● Aim of the exercise
Reproduce exactly the lines of this material that begin at the line with "Oshun's Hoodoo Florida Water" and end at the line with "DIY Firestarters plans", both included. Omit the pictures and everything else.

[Opening Exercise material section]

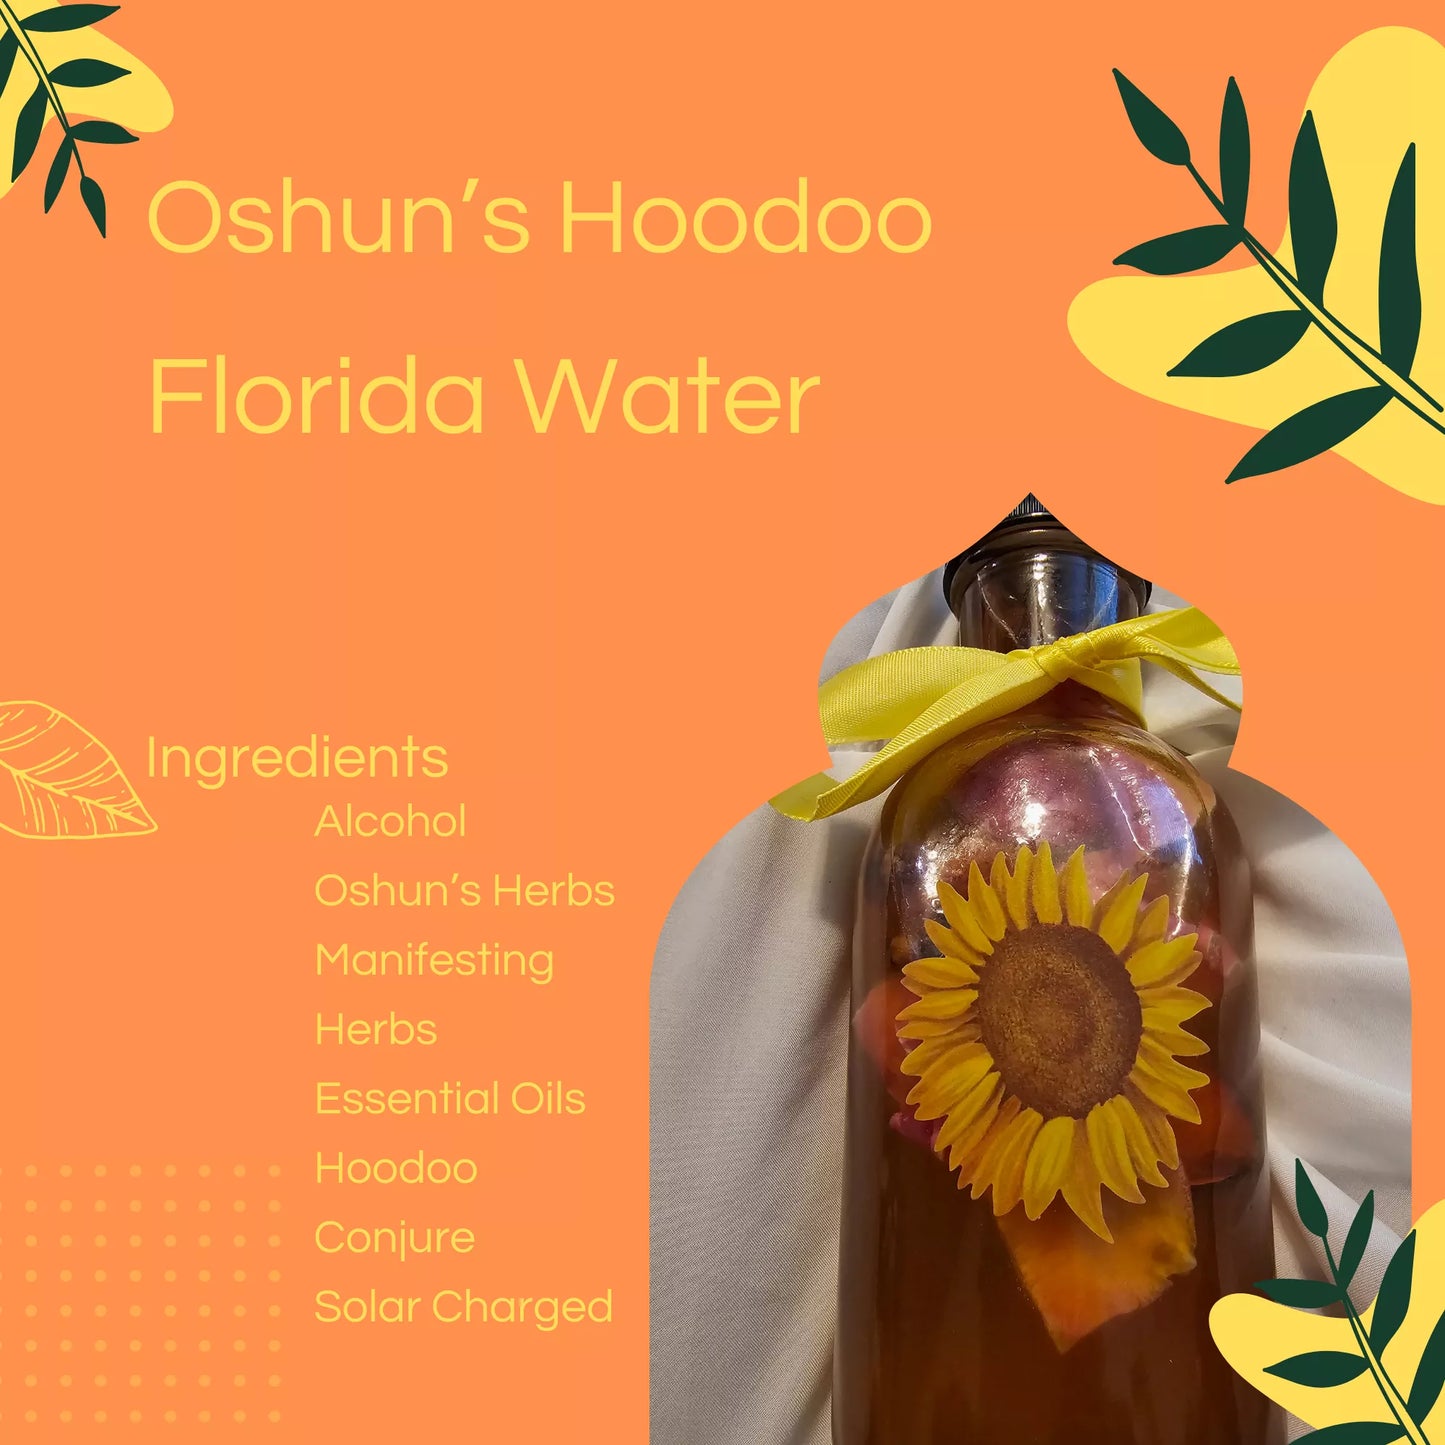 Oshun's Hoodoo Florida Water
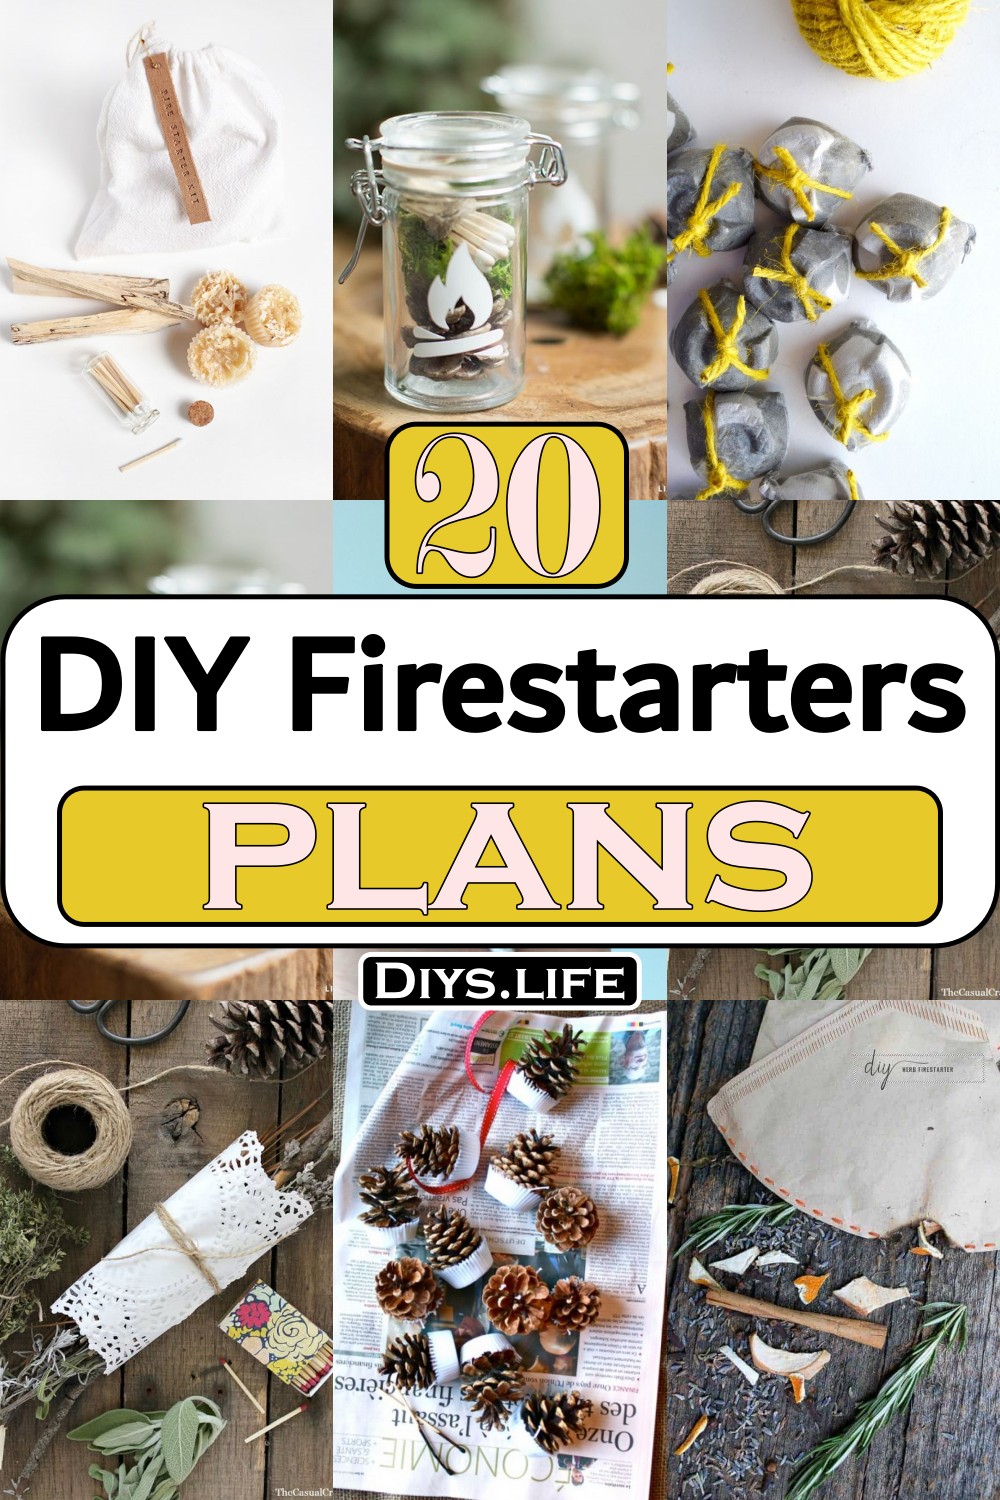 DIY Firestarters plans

[Closing Exercise material section]
[Opening Exercise material section]

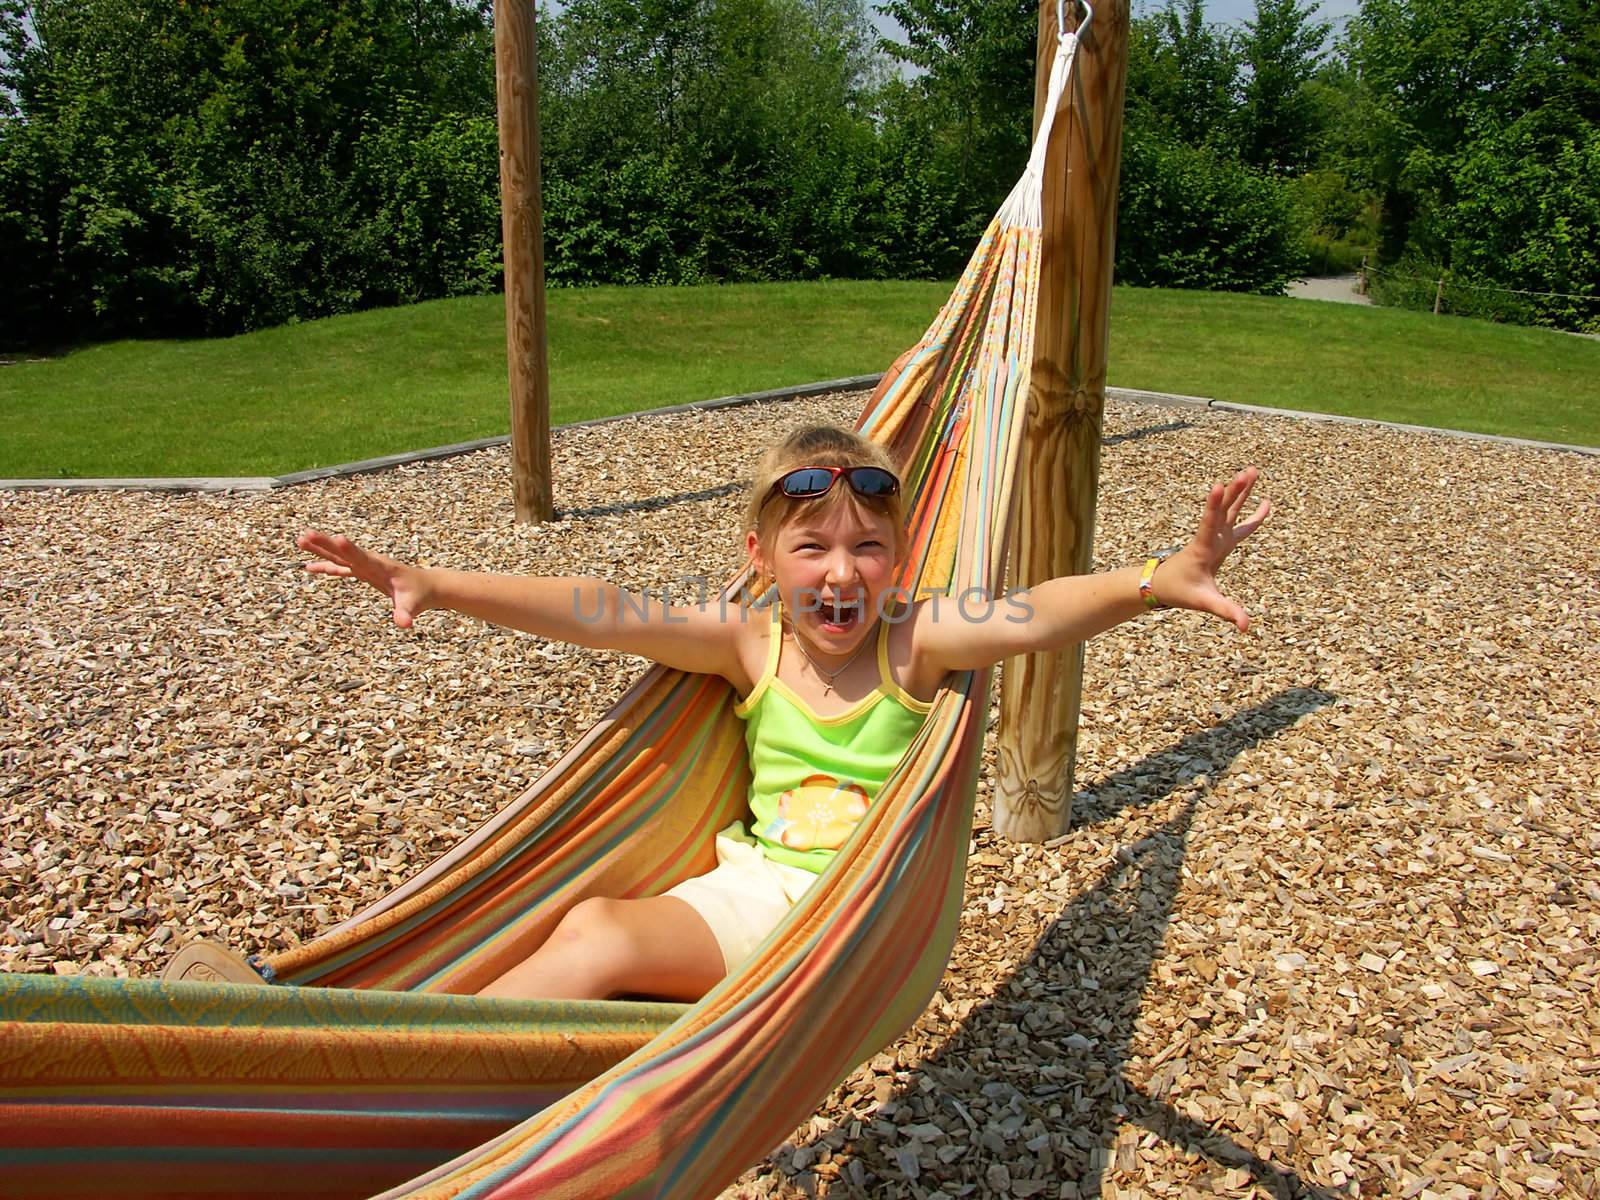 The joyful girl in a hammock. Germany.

[Closing Exercise material section]
[Opening Exercise material section]

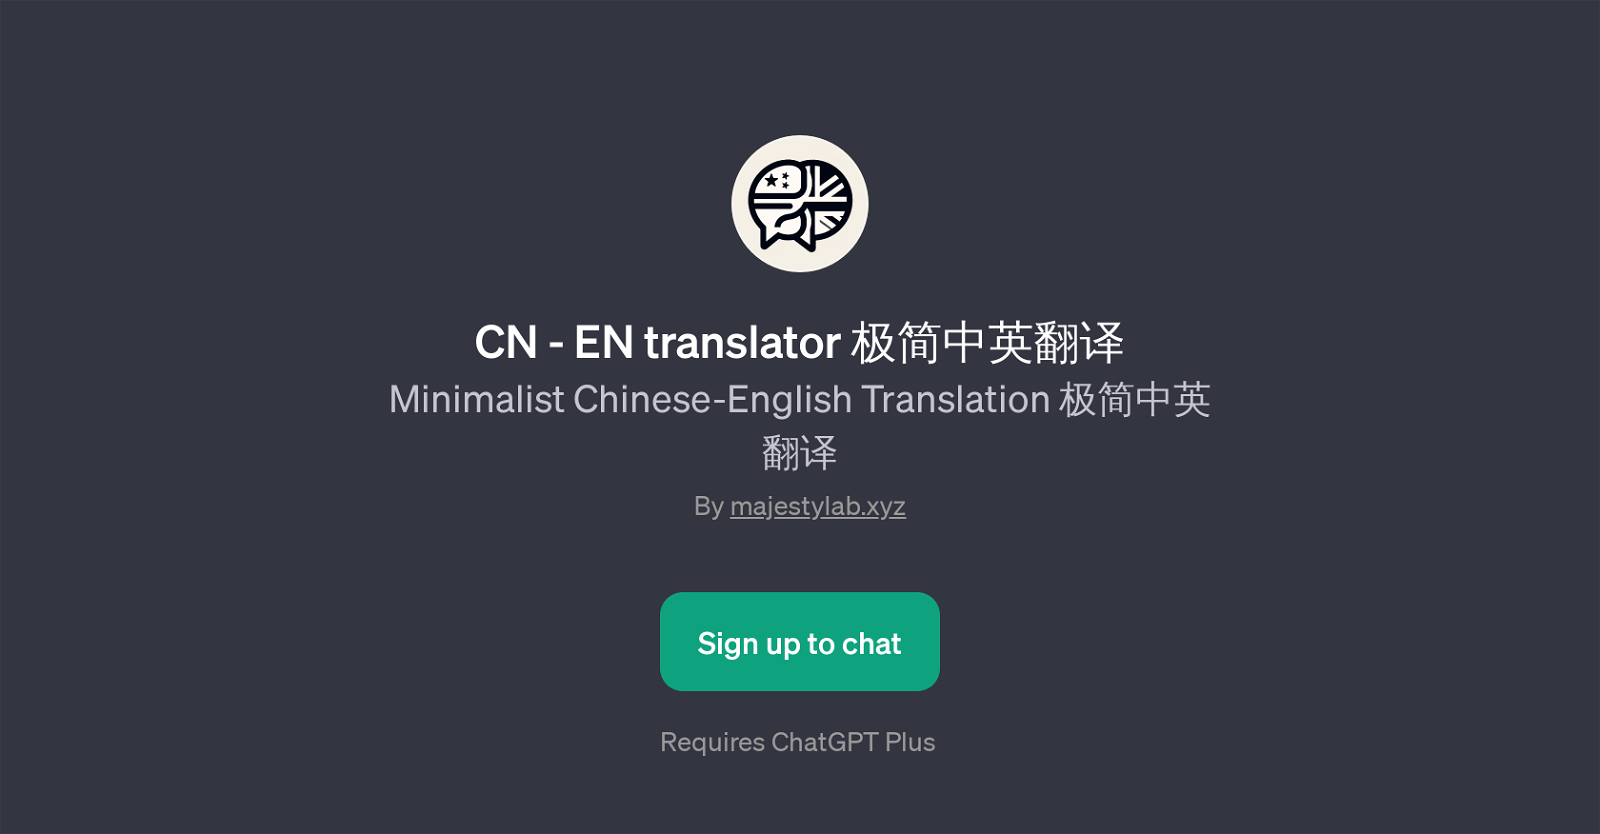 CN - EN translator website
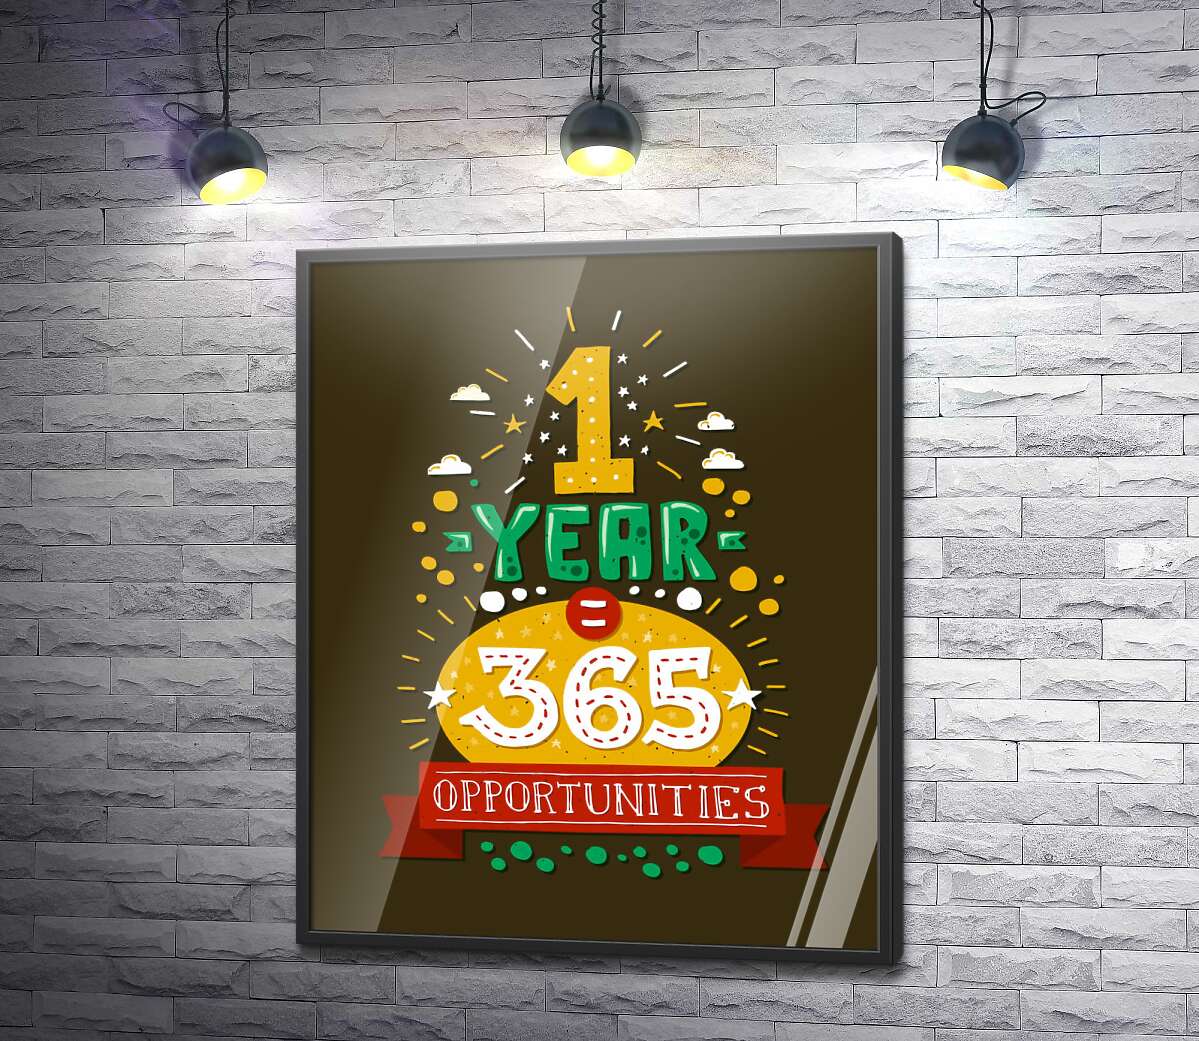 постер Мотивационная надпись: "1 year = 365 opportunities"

[Closing Exercise material section]

● Expected answer
 Oshun's Hoodoo Florida Water
 DIY Firestarters plans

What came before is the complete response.